Graywolf really wasn’t interested, Cate decided, glancing toward him. But she’d started this, so she put it as succinctly as possible for him. “It was a blood test that blew my world apart, made everything I knew about myself turn out to be a lie. It’s going to take another blood test to start putting things back together for me.”
“You said you had documents you’ve obviously tracked down.”
“Yes?”
“Aren’t they enough for you?”
How could paper take the place of flesh and blood? She didn’t want answers so much as she wanted acceptance. She wanted a family, a feeling of belonging somewhere instead of this awful rootless feeling that kept cropping up over and over again. She wasn’t meant to be a loner, and yet that was what she was right now. And she hated it.
“It’s paper,” she said simply. “There could always have been a mistake made.”
He supposed, in her place, he might have felt the same way. Angry at having been rejected, needing to hear that he was accepted. But he wasn’t in her shoes, he reminded himself. He was in his own shoes. The shoes of a doctor. Specifically Joan Cunningham’s doctor.
“I think you should let this go.”
“Could you?” she asked. “Honestly?”
She had him there.
Christian opened the outer door and walked in. The receptionist behind the counter looked up, saw his lab coat and stethoscope and nodded a greeting.
“Does Lydia know her new partner is pigheaded?” Christian asked.

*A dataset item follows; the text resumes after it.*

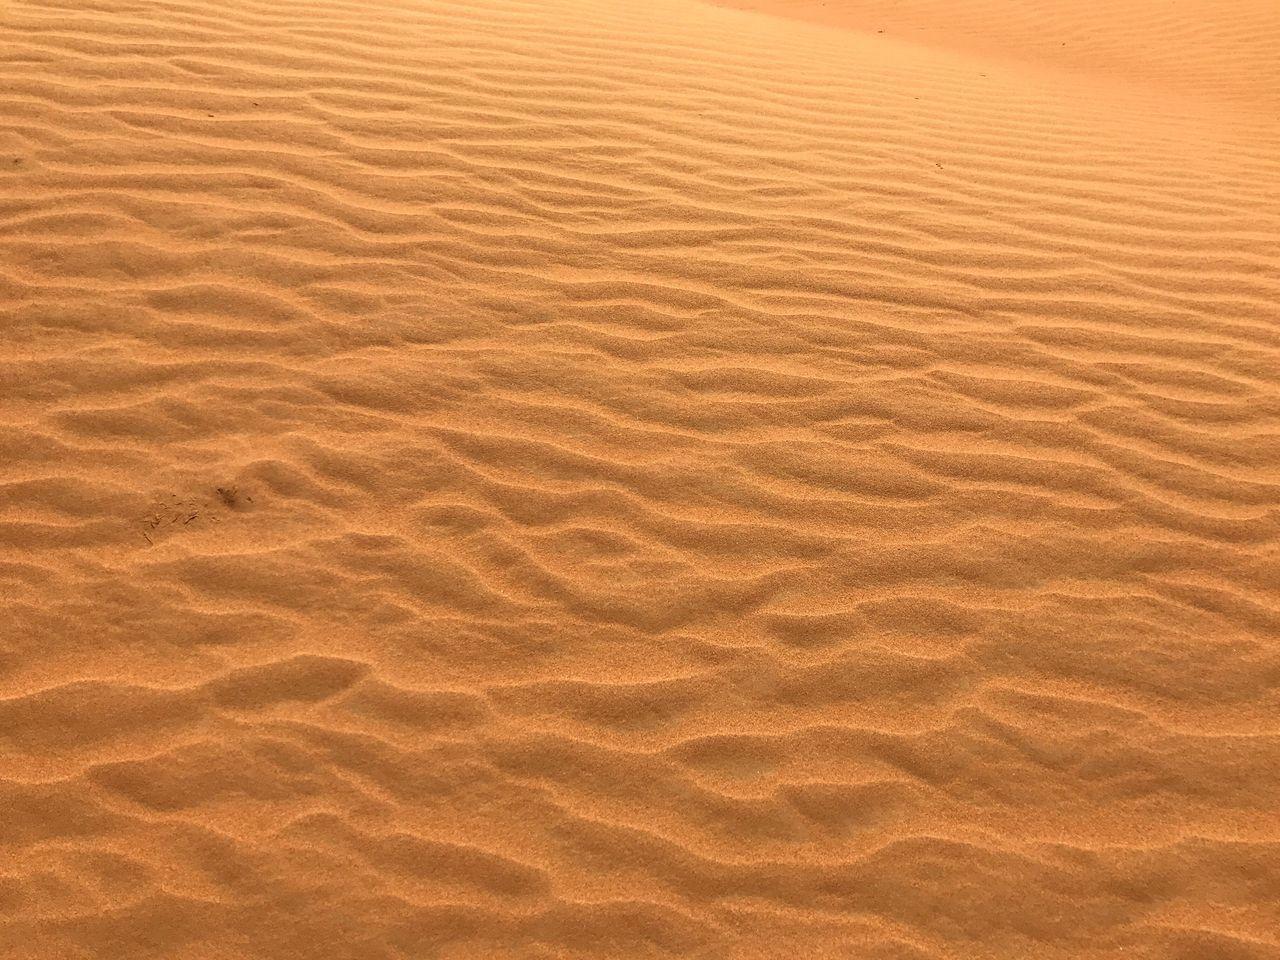 Sand Sand Dune Backgrounds Nature Desert Tranquility Wave Pattern Beauty In Nature UAE UAE , Dubai Uae #dubai #sharjah #ajman #rak #fujairah #alain #abudhabi #ummalquwain #instagood #instamood #instalike #mydubai #myuae #dubaigems #emirates #dxb #myabudhabi #shj #insharjah #qatar Oman Bahrain Kuwait Ksa [ Dessert Desert Scenics Rippled Arid Climate Brown Environment No People Tranquil Scene Full Frame Outdoors Landscape Beach Track - Imprint

“We haven’t butted heads yet, so I doubt if she suspects.” She wasn’t about to allow herself to get sidetracked. “You didn’t answer my question, Doctor. If you were me, this close to
finding out, could you back away?”
“I’m not you.”
“But if you were?” she pressed.
Christian took a breath, knowing he could either take the easy way out and lie, or answer the question and leave his patient and this woman open to further complications and interactions.

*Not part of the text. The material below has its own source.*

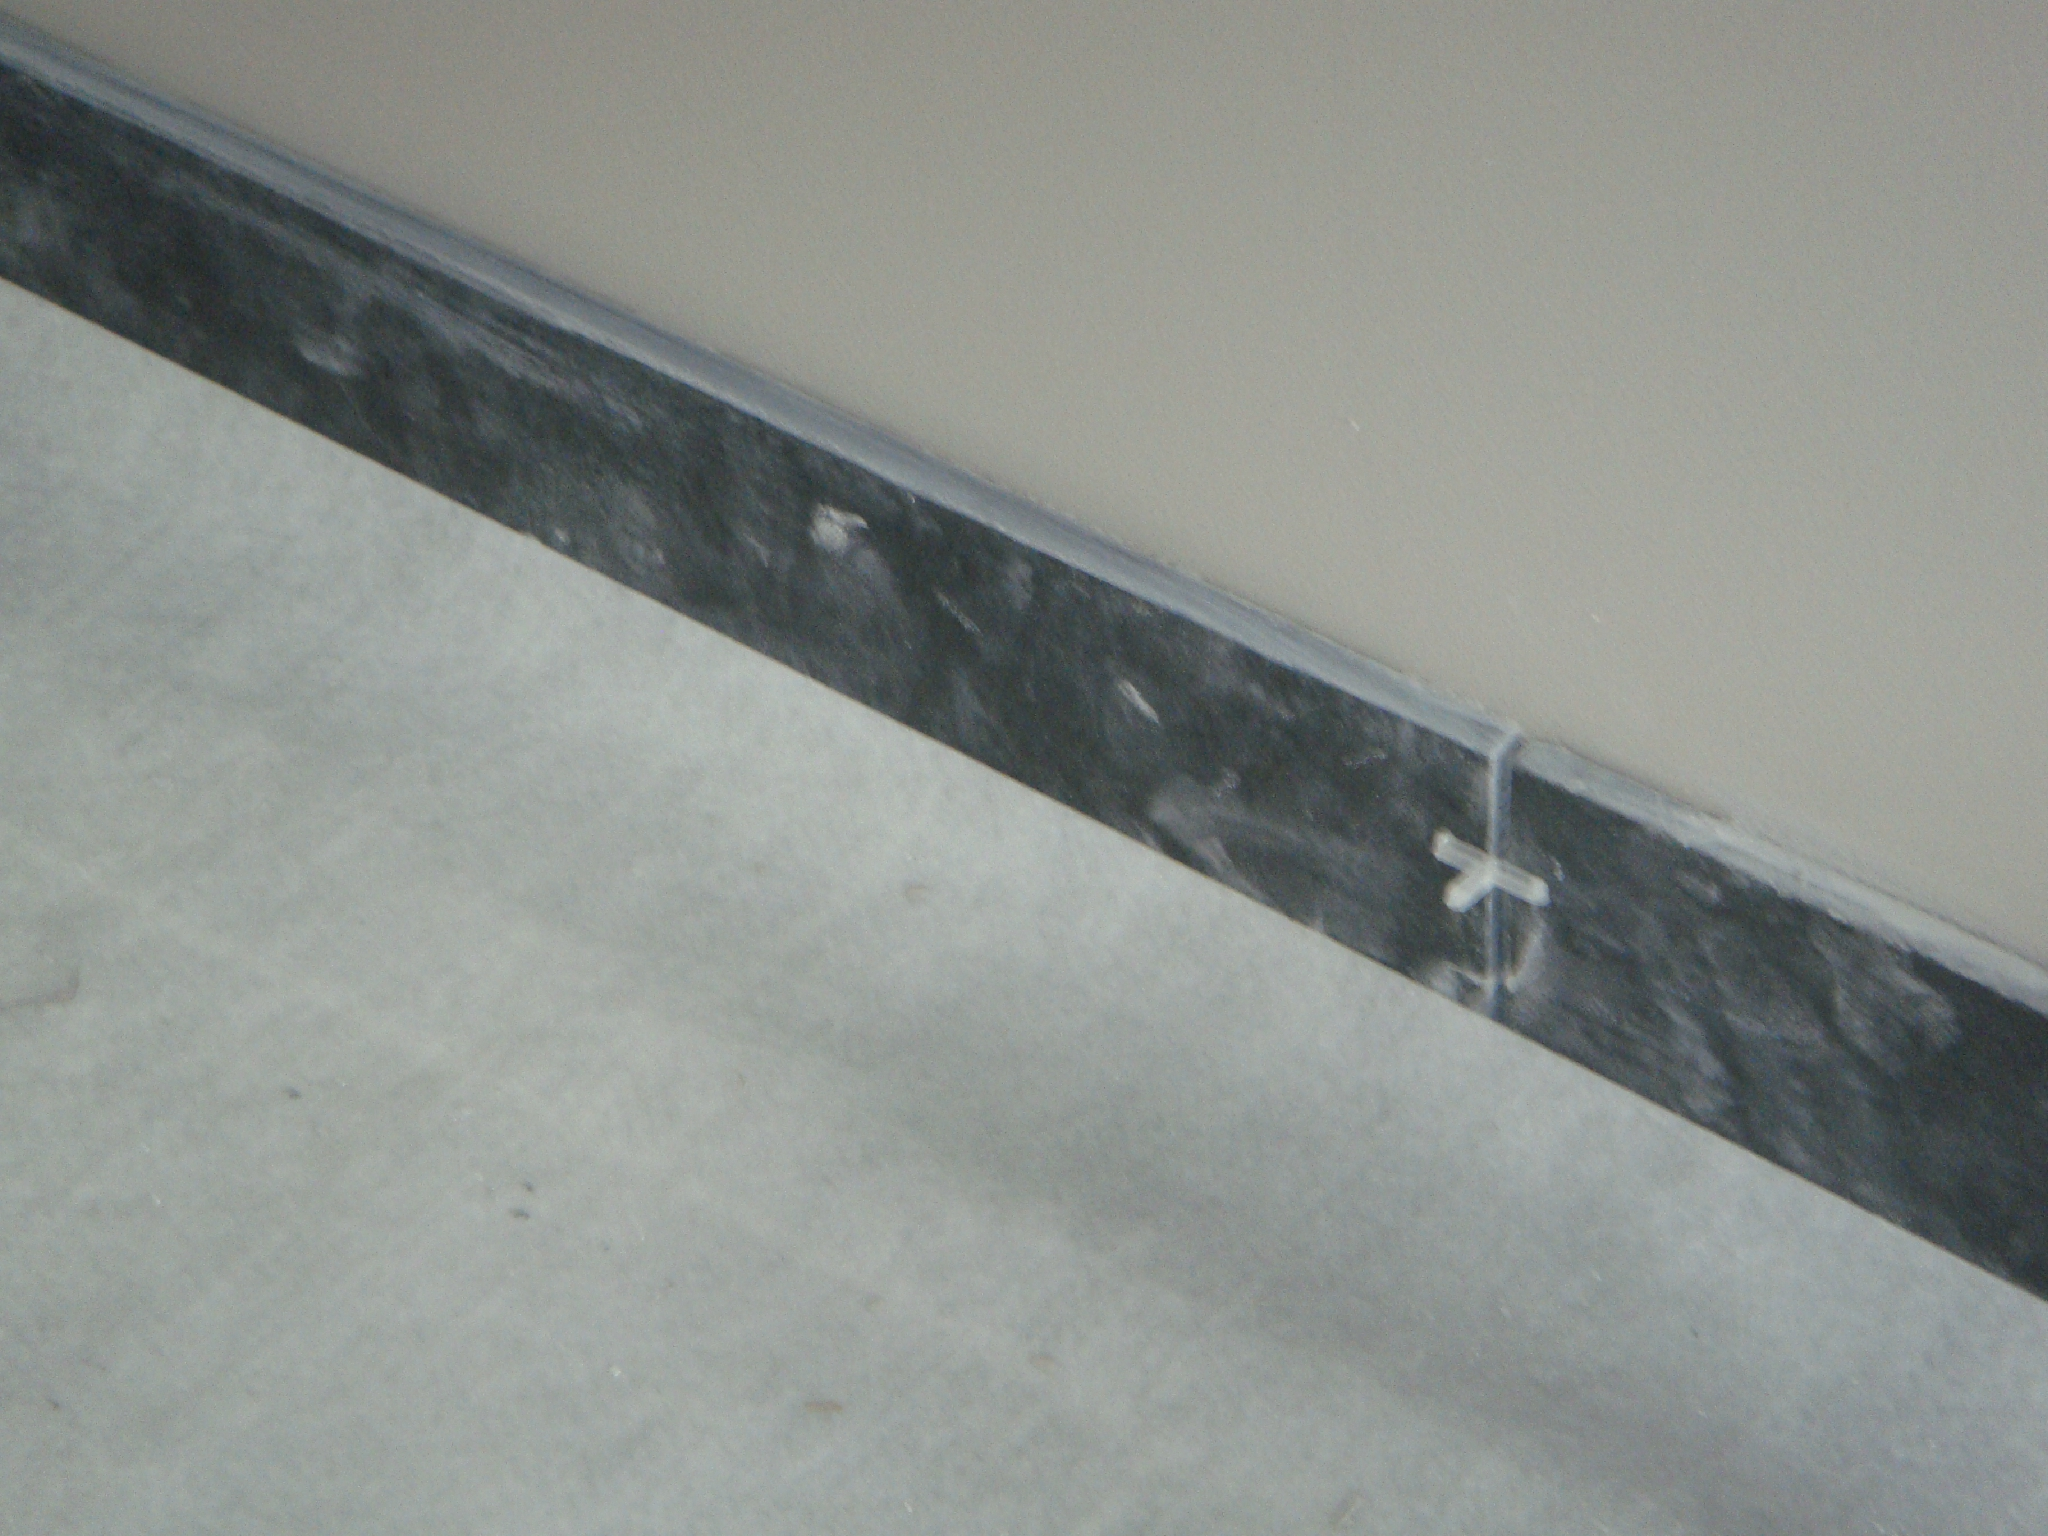 plinthes salle de bain renovation plinthe carrelage. Black Bedroom Furniture Sets. Home Design Ideas

But before he could answer, the inner door to the X-ray area burst open and he heard a nurse cry out, “She’s having a seizure.”
Gut instinct told him the nurse was talking about the patient he’d sent up.
Chapter 18
Christian hurried through the doors that took him into the rear of the X-ray facility. Deceptively small-looking from the front, the interior of the department was catacombed with rooms where technicians performed various tests with a variety of imaging machines.
“Where is she?” he demanded of the nurse who’d called for help.
Seeming relieved that a doctor was there to take over, the young woman quickly turned on her heel, beckoning for him to follow. “This way.”
As he hurried behind the nurse, he realized that Cate was still right behind him.
“Stay outside.” He shot the order over his shoulder and stepped up his pace. The nurse was almost running.
Cate lengthened her stride to keep up. “The hell I will,” she retorted. “This might be the only time I get to talk to her.”
She was exactly like Lydia, Christian thought. Under different circumstances, he might have admired Cate’s grit. Right now it just annoyed him. But he had no time to waste arguing with her. He needed to get to his patient. The rooms were purposely constructed small and tight for maximum efficiency. Usually there was just enough space for the technician, a table and whatever scanning apparatus was being used on the patient. Cate was going to have to stay out by default.
“In here.” The nurse pointed to a room, stopping short of one of the doorways.
Cate peered inside and caught her breath. Two male technicians were attempting to hold down the girl she’d found in the warehouse and having a tough time of it. The girl was arching and bucking, her entire body convulsing with uncontrollable spasms.